*Record excerpts*
^^^^^^^^^^^^^^^^

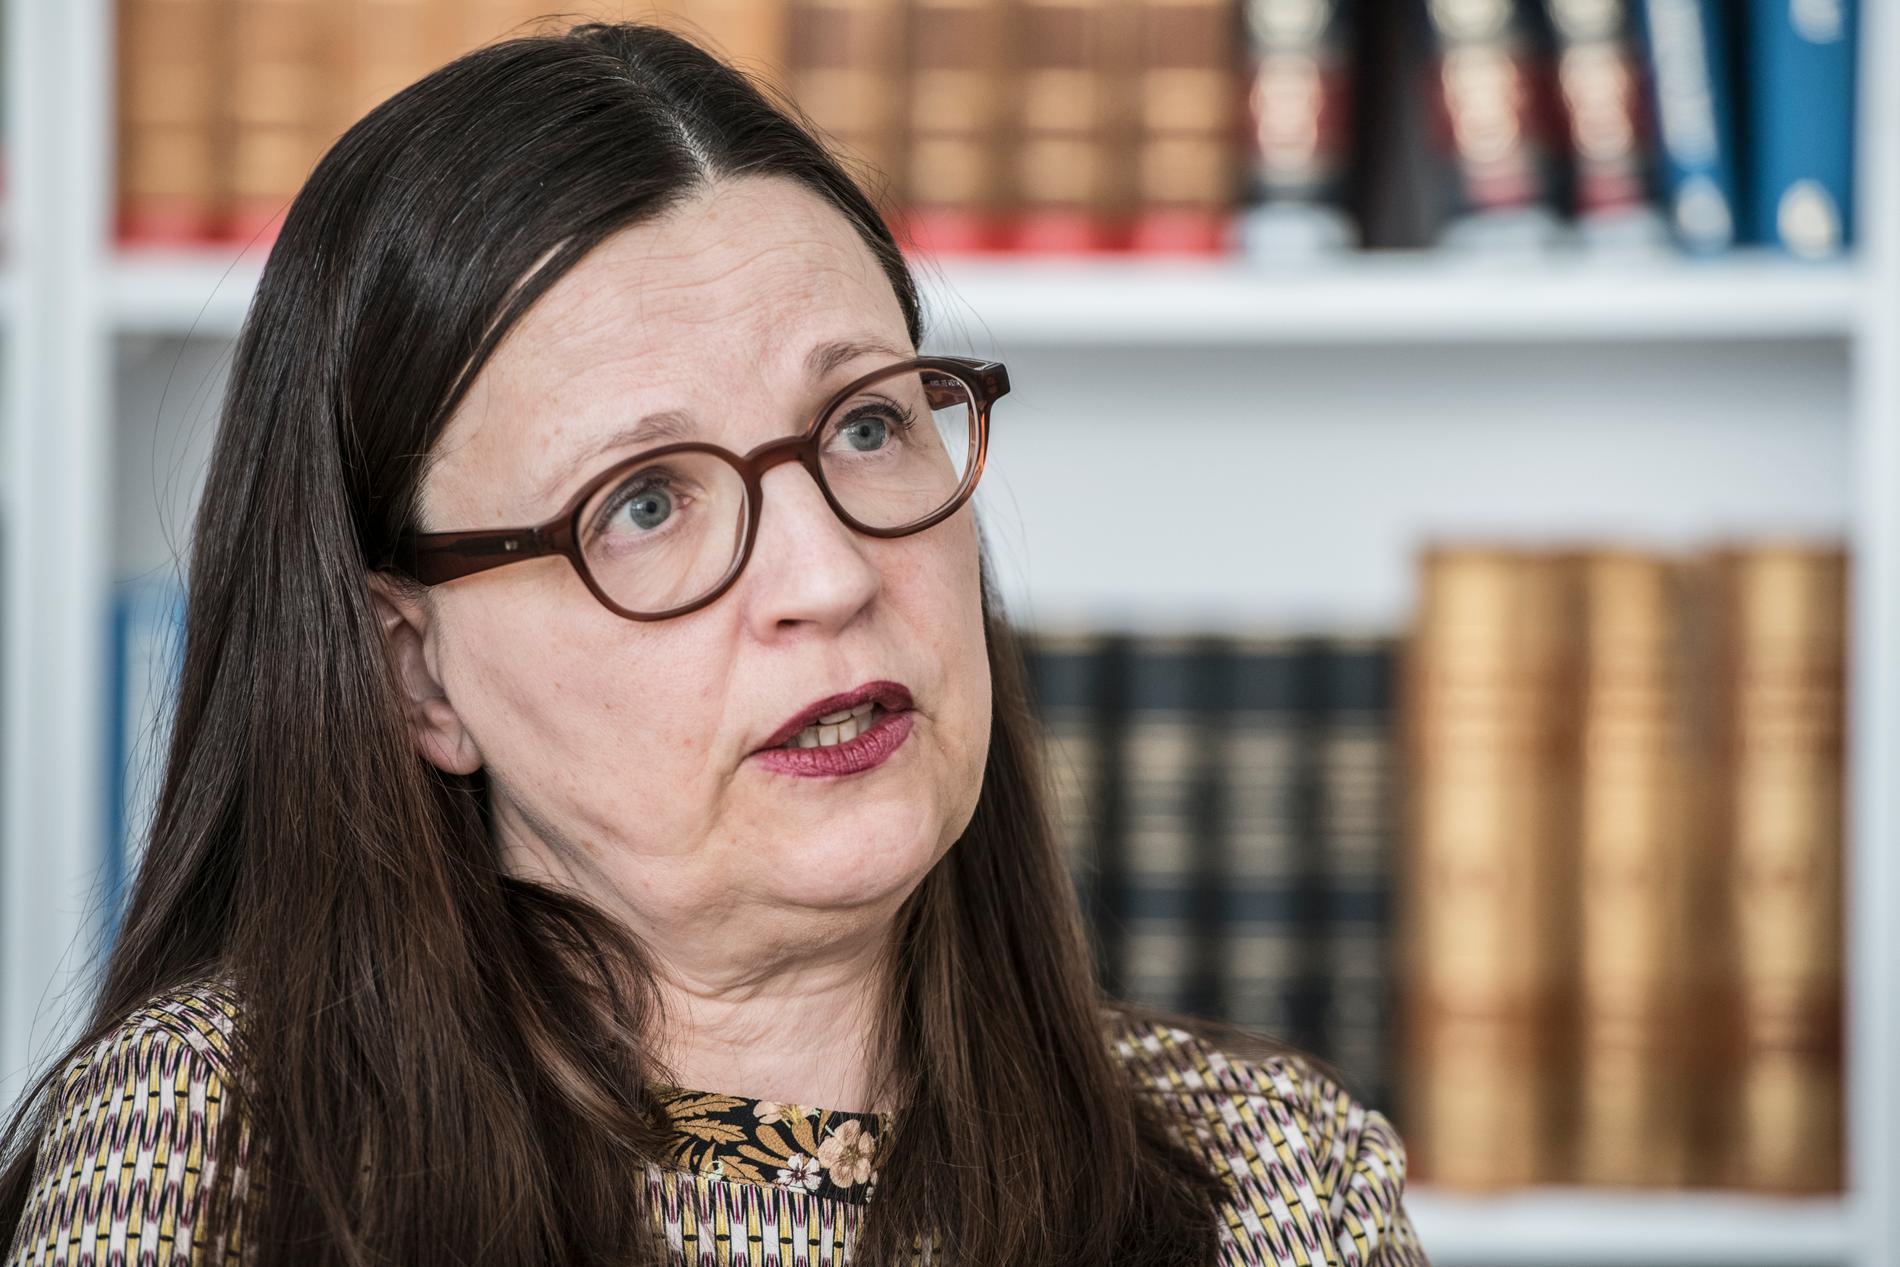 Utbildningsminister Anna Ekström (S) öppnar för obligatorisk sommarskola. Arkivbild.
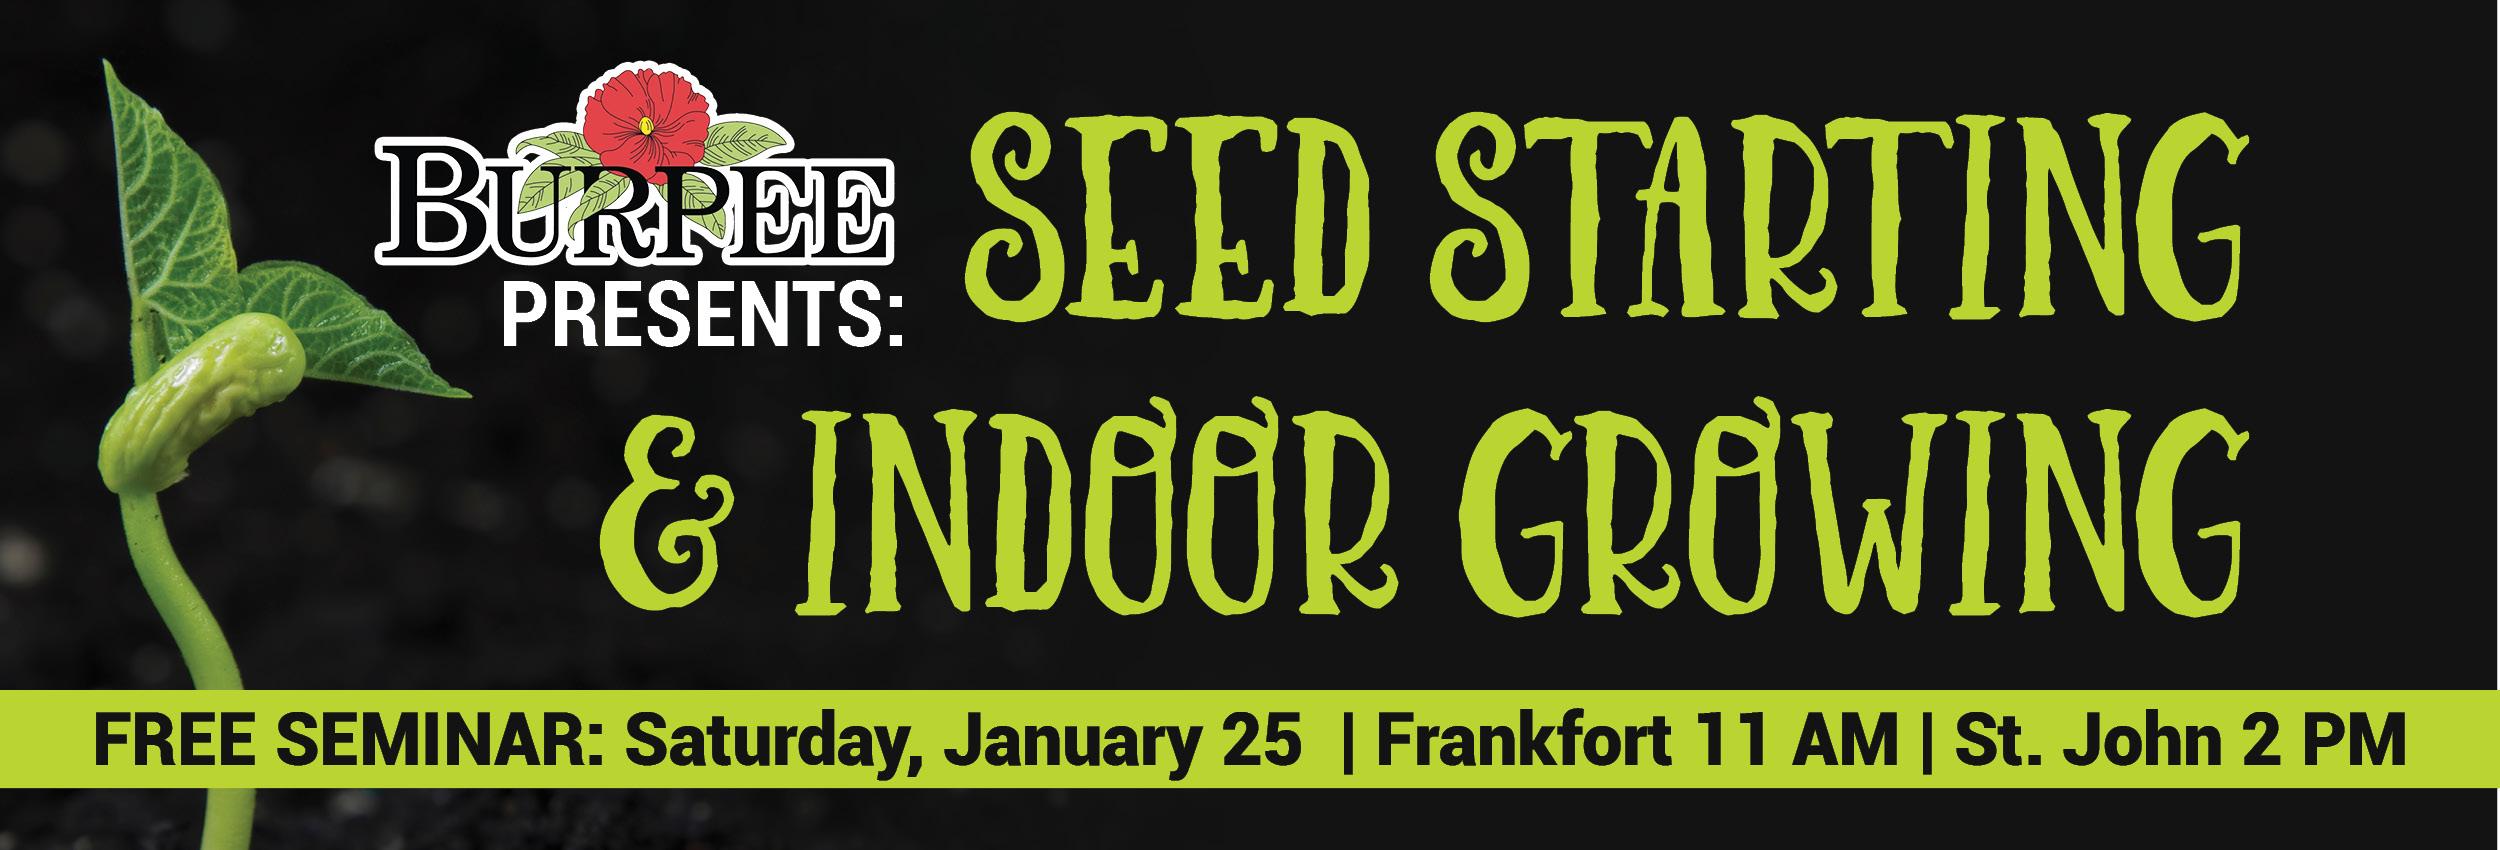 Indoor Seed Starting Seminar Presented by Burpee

^^^^^^^^^^^^^^^^

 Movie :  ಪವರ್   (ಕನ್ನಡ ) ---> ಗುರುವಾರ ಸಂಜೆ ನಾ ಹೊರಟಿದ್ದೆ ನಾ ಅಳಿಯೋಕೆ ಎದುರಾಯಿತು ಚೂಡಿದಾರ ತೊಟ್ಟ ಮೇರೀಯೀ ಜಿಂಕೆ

^^^^^^^^^^^^^^^^

*What you need to do*
Within the material above, find the part that opens with the line containing "Utbildningsminister Anna Ekström" and closes with the line containing "Indoor Seed Starting", and reproduce it exactly without the pictures.

*Result below*
 Utbildningsminister Anna Ekström (S) öppnar för obligatorisk sommarskola. Arkivbild.
 Indoor Seed Starting Seminar Presented by Burpee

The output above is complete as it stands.